EXERCISE DIRECTIONS
The expected output is the full data, repeated exactly, without pictures.
DATA SECTION Block Start
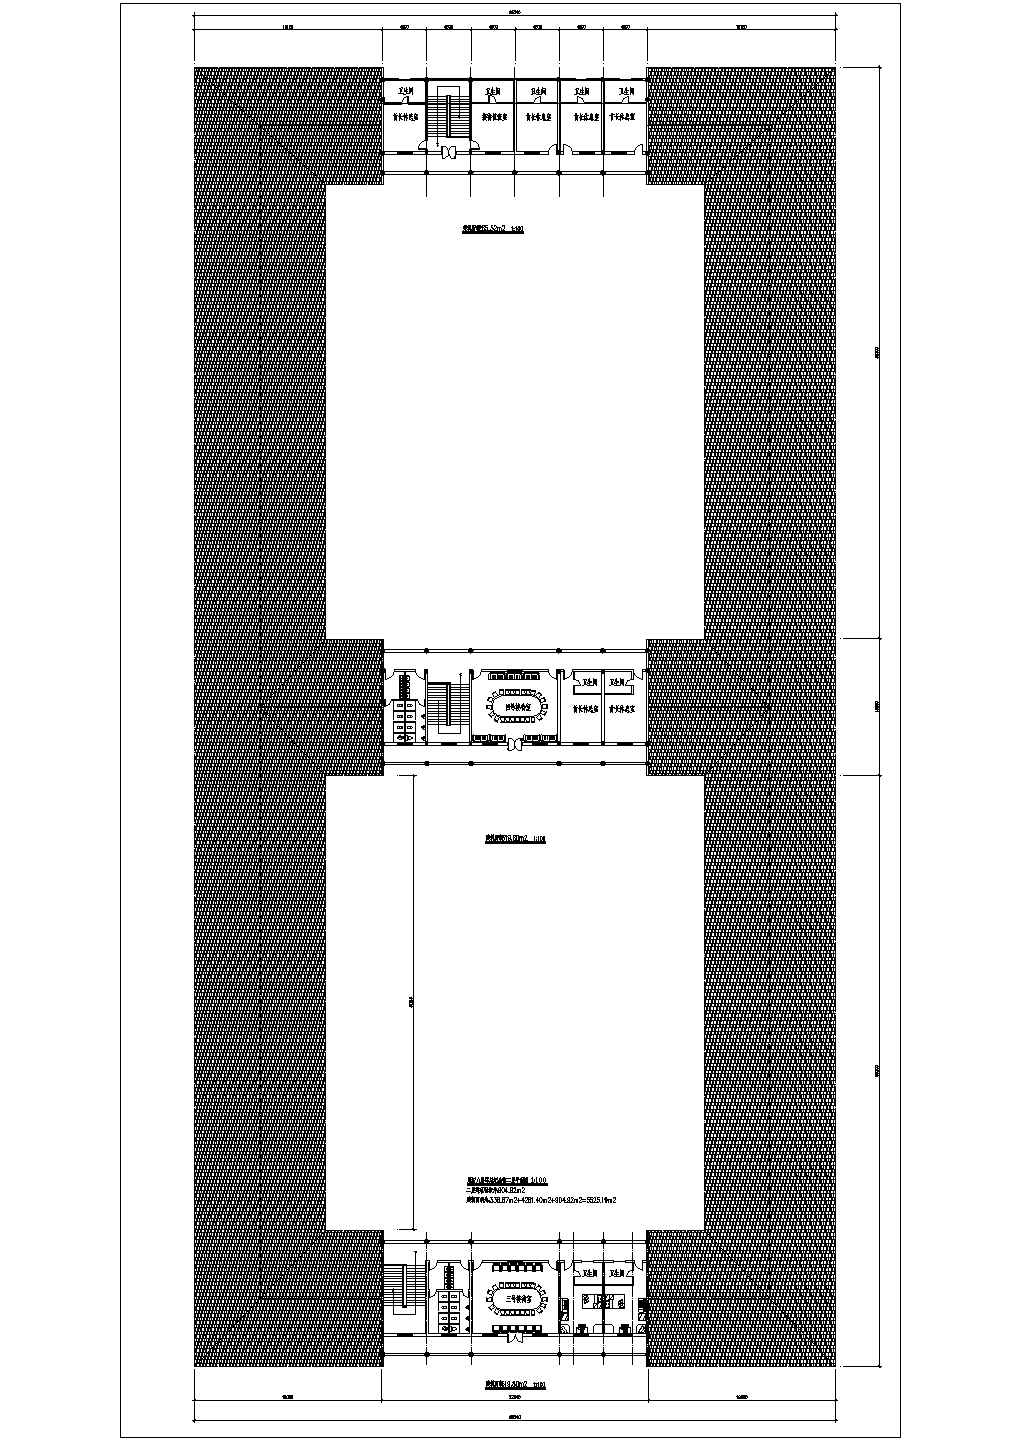 【盐城市】某地区纪念馆建筑设计图纸
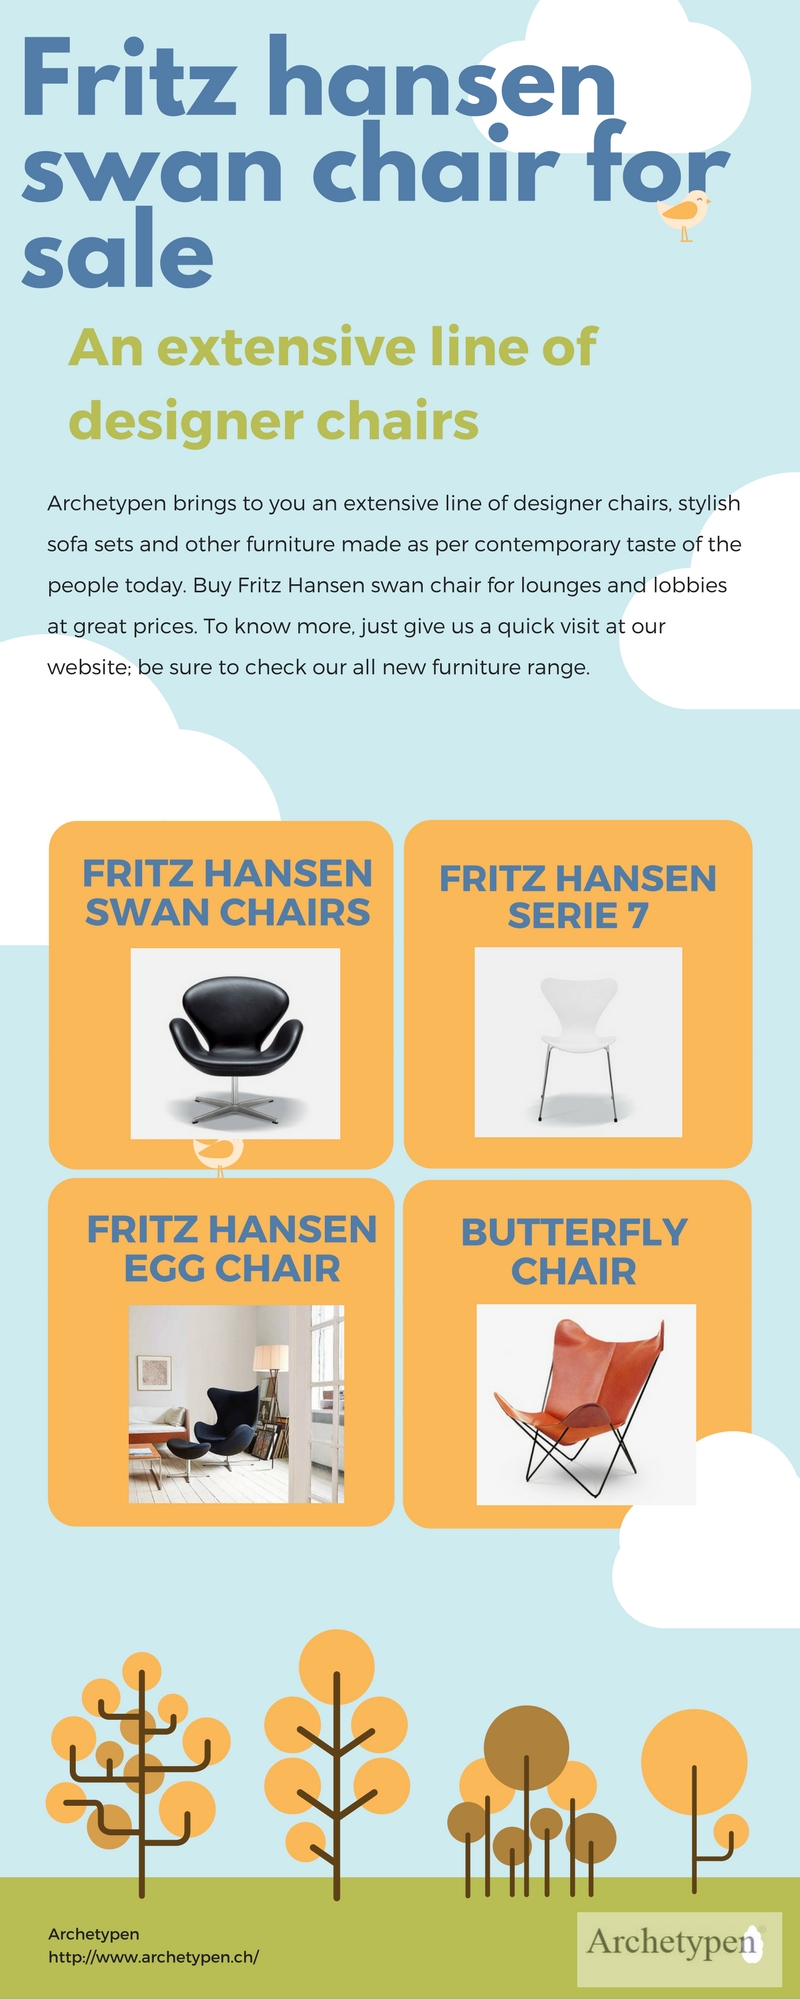 Fritz hansen swan chair for sale.jpg  by archetypen
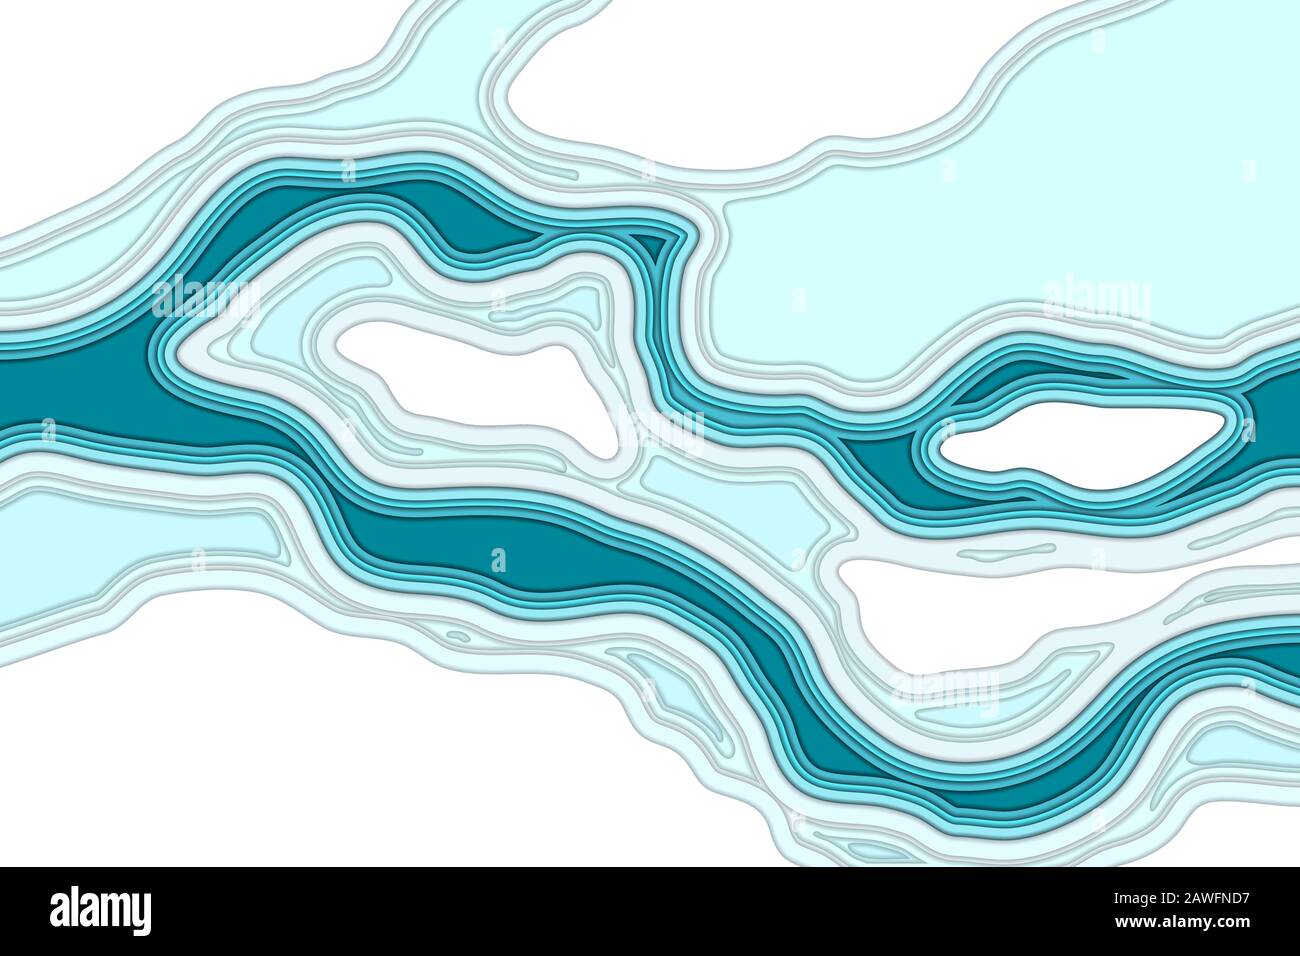 La rivière Frosen dans l'illustration vectorielle de la vue aérienne de la glace Illustration de Vecteur
DATA SECTION Block End
EXPECTED ANSWER
 【盐城市】某地区纪念馆建筑设计图纸
 Fritz hansen swan chair for sale.jpg  by archetypen
 La rivière Frosen dans l'illustration vectorielle de la vue aérienne de la glace Illustration de Vecteur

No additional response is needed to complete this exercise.